The Real History of Snakes on a Plane

Dan Strohschein

Snakes on a plane. The first time I heard the title I started laughing. Below is how the conversation between me and a friend went when he told me about the movie.

"It's a hot new movie, called Snakes on a Plane!" My friend said.

"It's a spoof like Scary Movie, right?" I asked my friend. He shook his head.

"No, it's a real horror flick," he responded.

"Uh... the snakes are demonic or phantoms or something? Or is it plane like as in another dimension?" I asked.

 "No, Real snakes on a real plane. Wouldn't that be scary?" he asks, smiling.

 "Not unless you're a retard with a drool cup, or one of those paranoid guys who can't touch doorhandles without sanitized gloves on," I say to him.

His smile falters. "It's going to be one of the best films of 2006. The internet says so!" he proudly proclaims.

It went downhill from there, sorta evolving into a shouting match about which Megaman was tougher. Don't ask. The sad part is that it's the truth. A lot of people have been snowballed by a bunch of marketing geniuses who sit up on the 53rd story of a building in New York and think about ways of snowballing people. And the hype is simple - if you didn't know the "story" you wouldn't know the hype. And without the hype, the movie sounds like... well like it would have been better off going straight to DVD. It reminded me of the other ridiculous titles and ideas that have somehow managed to gather to themselves a cult following (Killer Klowns from Outer Space, Teenage Mutant Ninja Turtles, Bikini Car Wash Alien Ninja Werewolves - oh wait, that last one I made up).

The story behind Snakes on a plane is that a professor from the University of Pittsburgh, David Dalessandro, wrote the storyline after reading a magazine about Brown Snakes. There was a story in it about how these snakes would climb aboard world war II planes. His first draft of the screenplay was called Venom, about a brown snake. The second draft was about a poisonous snake that gets loose on a plane.

Then he expanded it again, to be many snakes loose on a plane. He took the completed screenplay and shopped it around to different studios, and was rejected by all of them. Four years after that, Paramount and MTC looked at it, then passed it on to New Line, who hired some writers to rewrite the screenplay into what it currently is now.

This is where the story becomes hype. Supposedly at this point, several internet blogs had released information on the film. This generated a lot of fans, and a cult following, which dictated how the film was actually made. The story says that in March, New Line had been bugged so much by fans that they reshot the footage for an extra five days to add new scenes (and Samuel Jackson's crude catch phrase).

So how did this "giant fan base" start? From Script writer Jason Friedman's blog. Interestingly enough, he was the one pegged to first re-write the script.

Personally I don't believe there was ever a huge fan base of internet junkies before the movie was announced. It's not below marketing professionals to say that something is popular in order to get people to follow by inventing a fan base, or inventing hype.

Something like "Dude, have you heard about Bikini Car Wash Alien Ninja Werewolves?

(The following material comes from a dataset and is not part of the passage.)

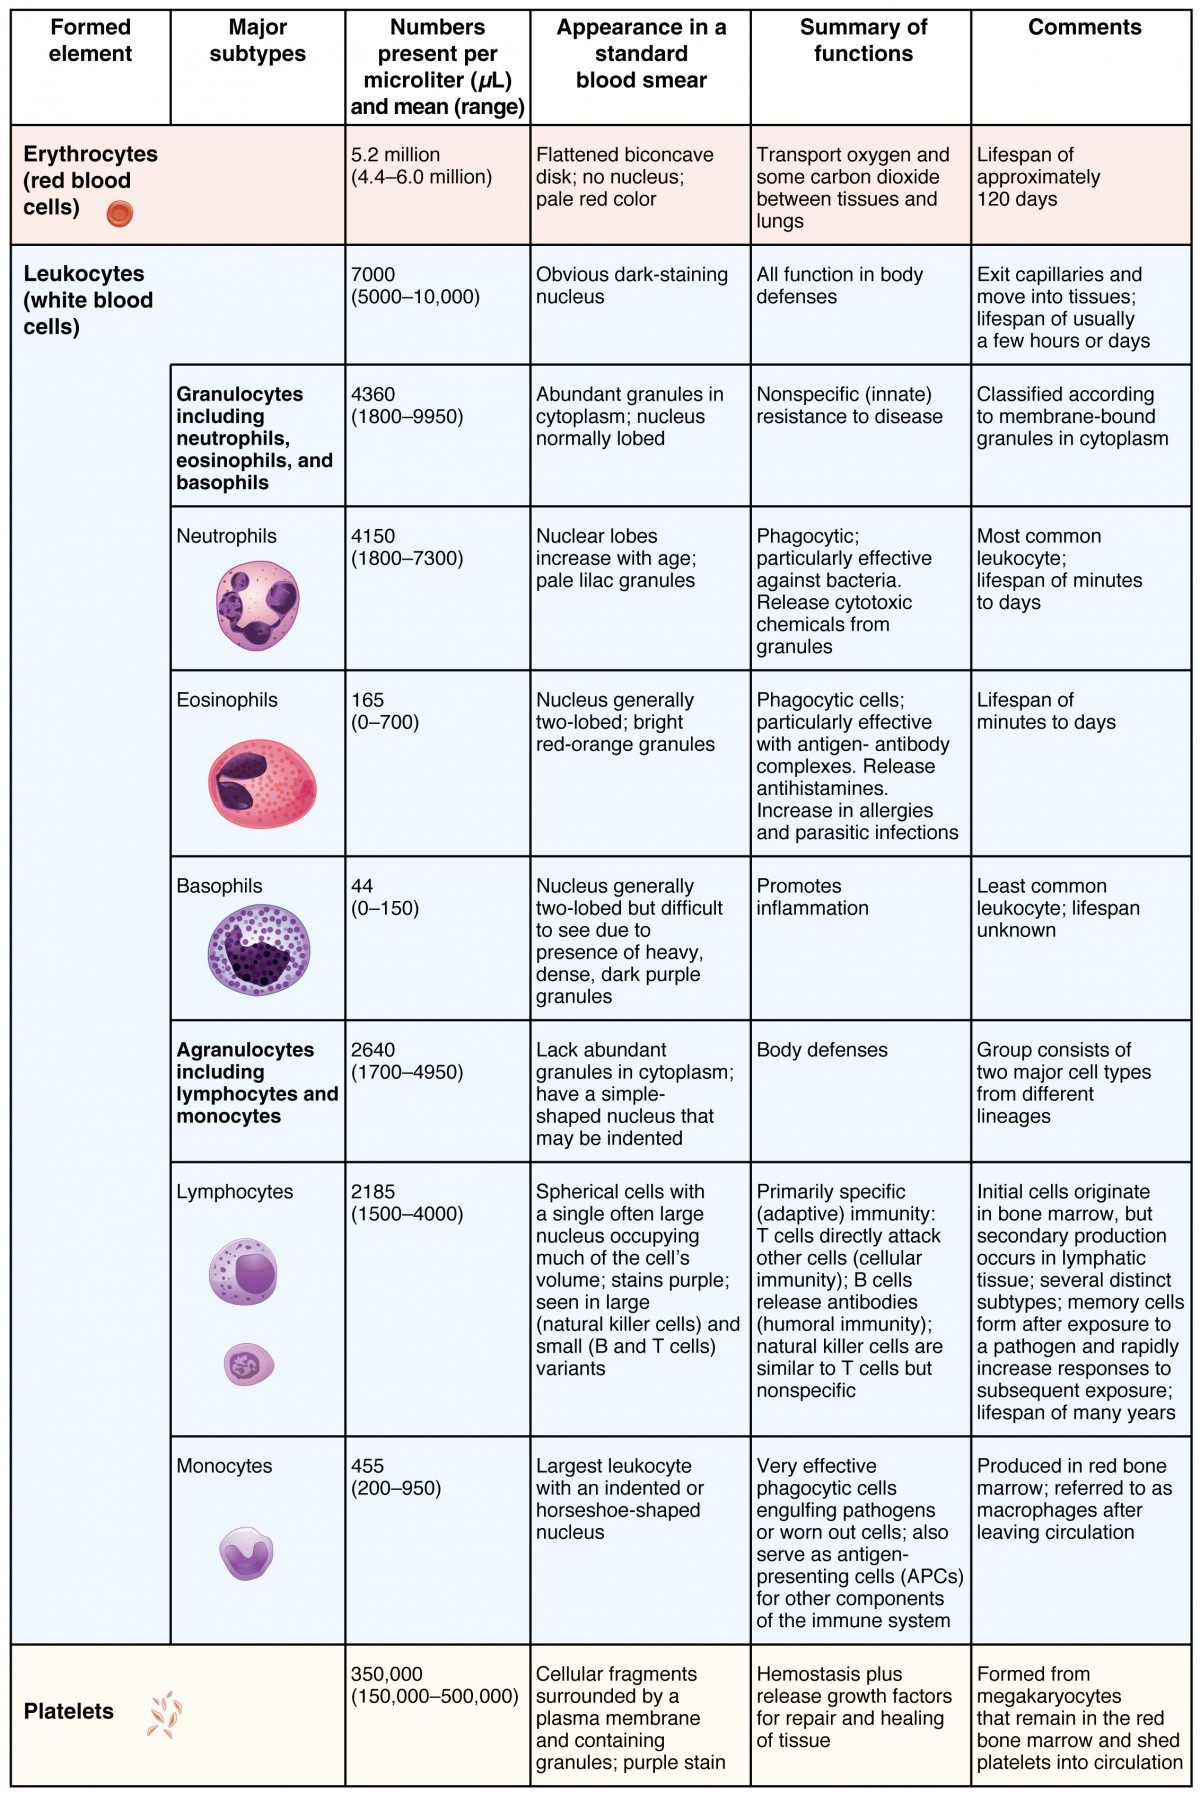 This table shows the different types of cells present in blood, the number of cells, their appearance, and a summary of their function.

It's HUGE in hollywood right now. There are millions of fans and they have clips. You know it all started on the internet by a mysterious anonymous writer. He wrote the screenplay on his deathbed and his widow posted it on the net! So many people loved it that now it's a huge success!"

And then all the sheep out there who have to be on the next big thing jump on board, grab as much info as they can, and then perpetuate the story to the next person, because well, THEY want to be the first to break the big news about the next big thing. It's predictable human behavior that marketing professionals eat up like the fat kid eats candy corn at halloween - by the truck load.

Will it be THE next big movie? Naw, it's no where near the strength that say, Spiderman or Lord of the Rings was. All this stuff is just marketing hype, and in two months the only people who are going to remember that it even came out are going to be the four fanboys it creates.